Louise Blackwick is a Dutch jungian-nietzschean writer, author of many thought-provoking stories themed on "surrealism", "subjective reality" and "states of altered consciousness". She is one of the few international authors to truly belong to the "philosophical fantasy" genre.
Blackwick is particularly known as the writer of the bestseller "Vivian Amberville", a philosophical fantasy saga that follows the adventures of an orphan from Milton Keynes - England, who learns her imagination can actively reshape the fabric of reality.
Blackwick primarily considers herself a "novelist", although the erudite complexity of her work has been appraised to exceed the fiction arena. She is a long-term pupil of the psychoanalyst Carl Jung, her writing digging deep roots into jungian concepts like: "individuation", "synchronicity", "archetypes", "shadow-work" and "the collective unconscious".
For philosophical views, she draws inspiration from the giants of old - among which Nietzsche, Wagner, Goethe and Schopenhauer may hold the most resemblance. Blackwick's strong evocative style and widely provocative ideas carry that "instant classic vibe", underneath which one often uncovers layers upon layers of meaning.
For short fiction, Blackwick attributes her greatest influence to the father of surrealism André Breton, the twisted storyteller Edgar A.Poe and the existentialist Kafka. At times, she unweaves the general conventions of space and of time, bending them at odd angles into a mesmerizing and surreal dream construct.

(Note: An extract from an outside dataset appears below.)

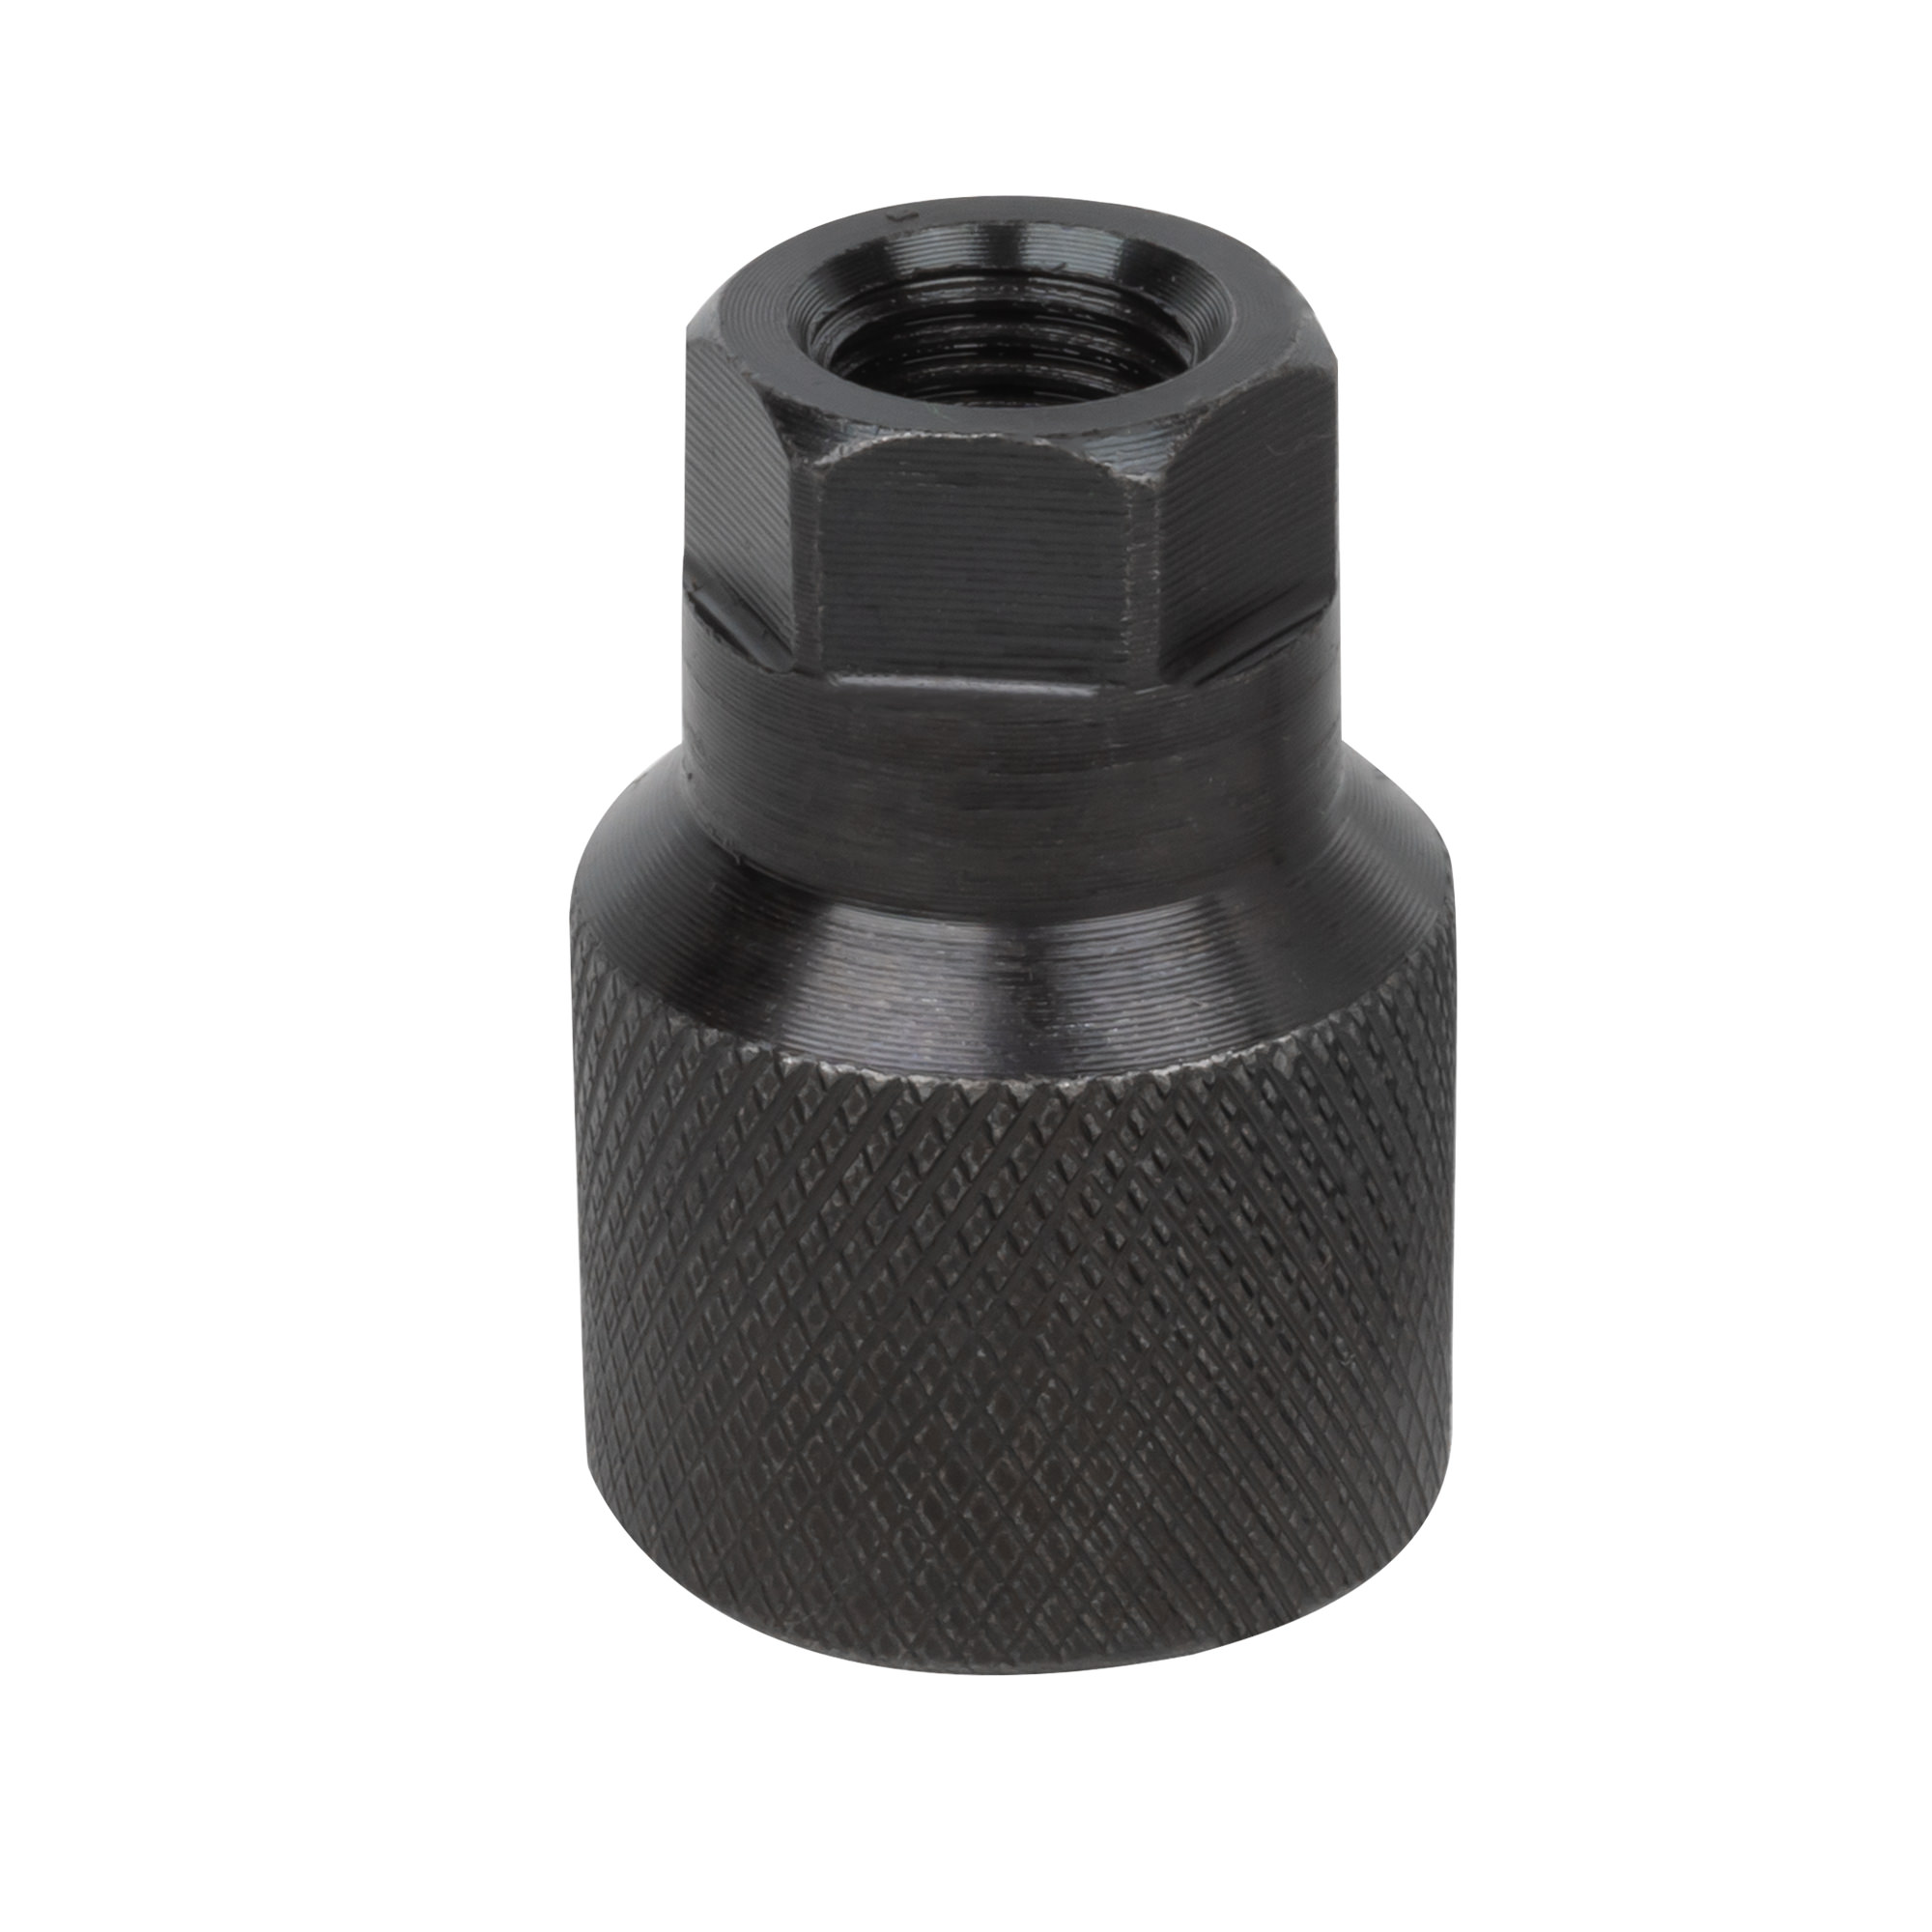 ADAPTER M25X0,5 9MM FOR INJECTOR PULLER 54186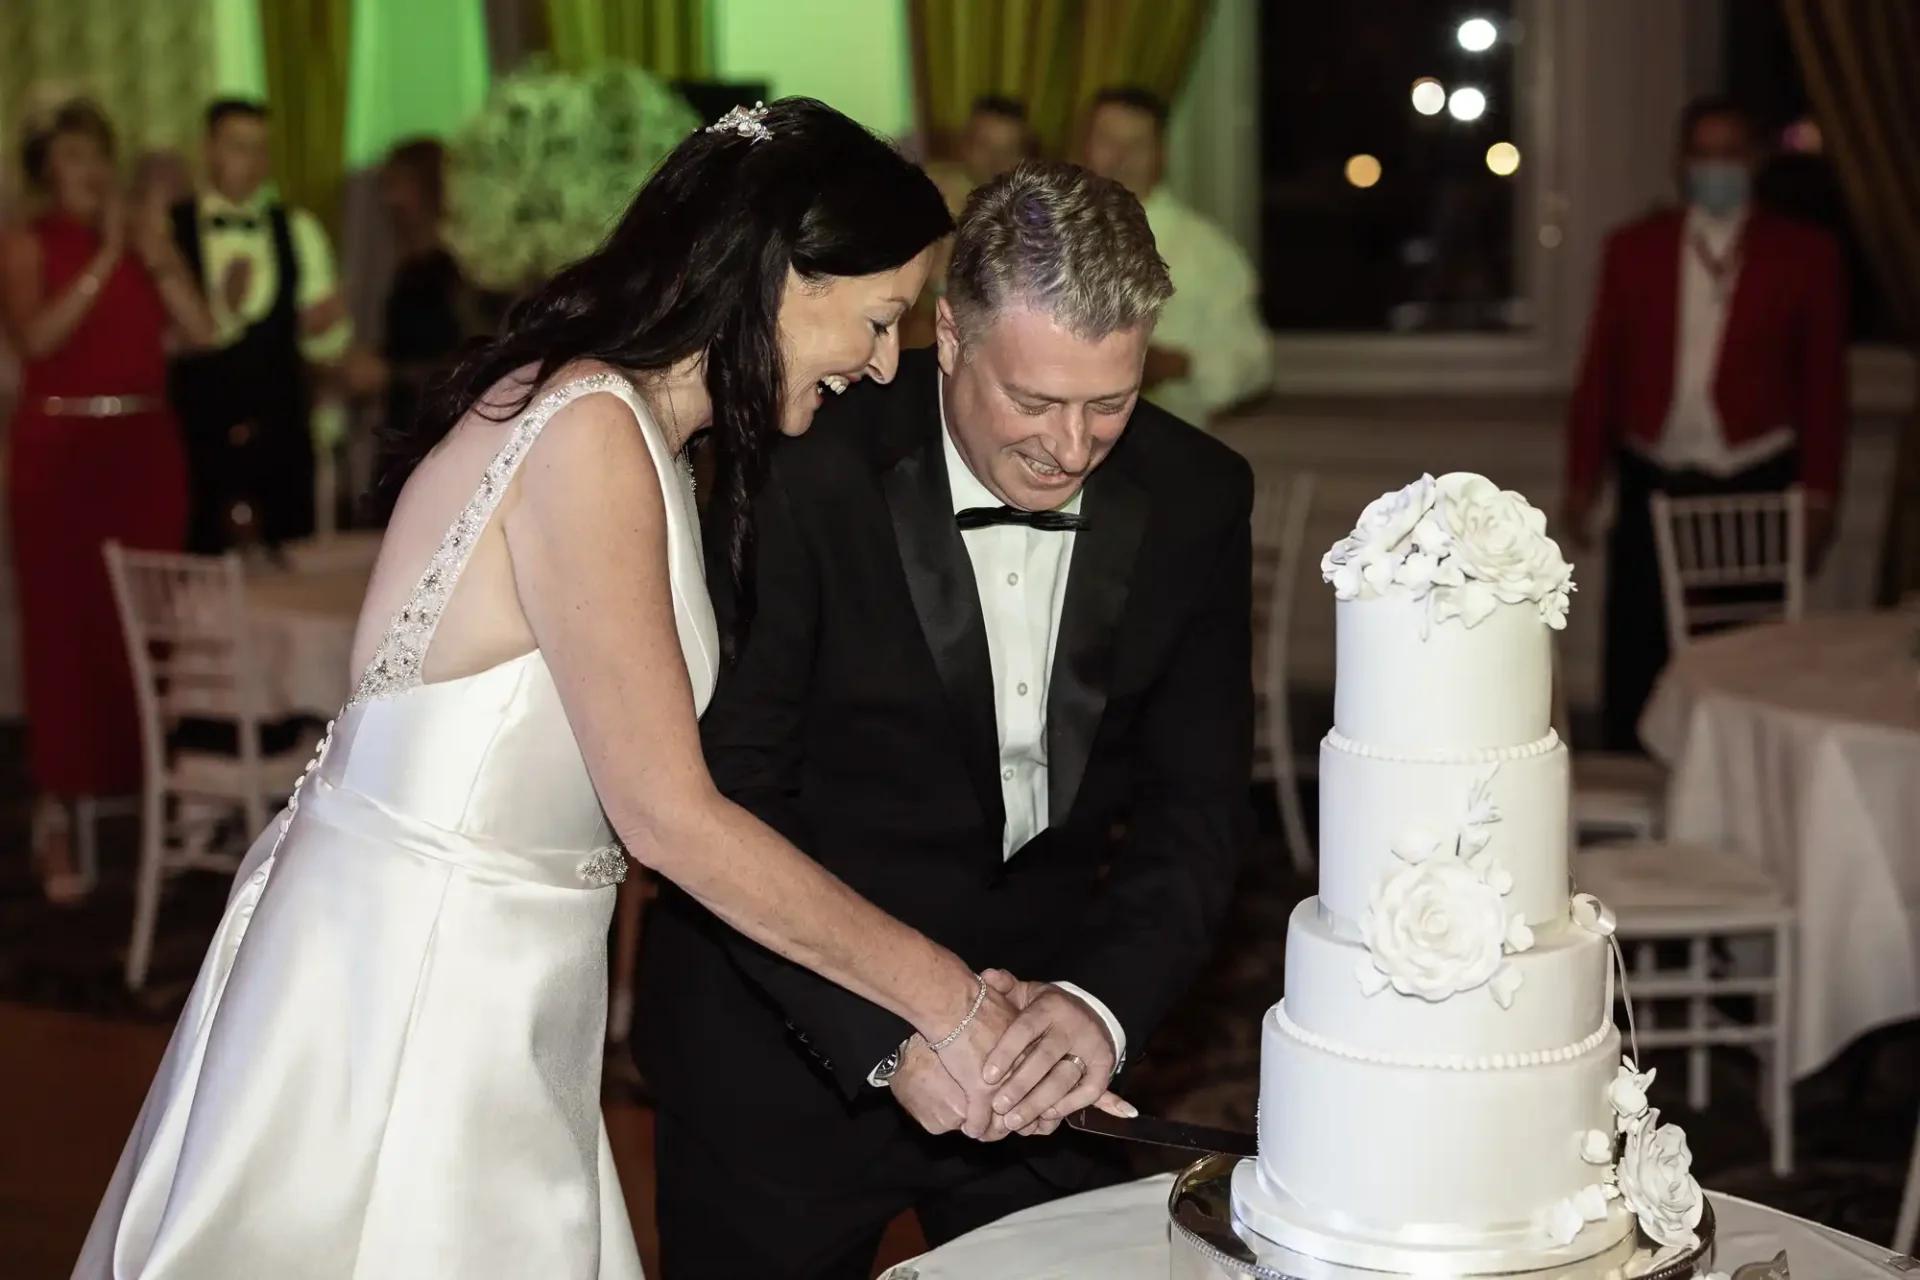 A bride and groom smiling as they cut a multi-tiered white wedding cake together at their reception.

For epic large-scale fiction, Blackwick greatly looks up to the legendary Tolkien and C. S. Lewis.
"Vivian Amberville - The Weaver of Odds", the first novel in a series of five was released in 2017 and was received with critical acclaim by a score of metacritics, most of whom have compared her narrative style with C. Paolini, J.K. Rowling and E.R. Eddison.
Upcoming books include: the science fiction novels "God is a Robot", "5 Stars" and "29 Seconds" and the much-awaited sequel "Vivian Amberville - The Book of Chaos".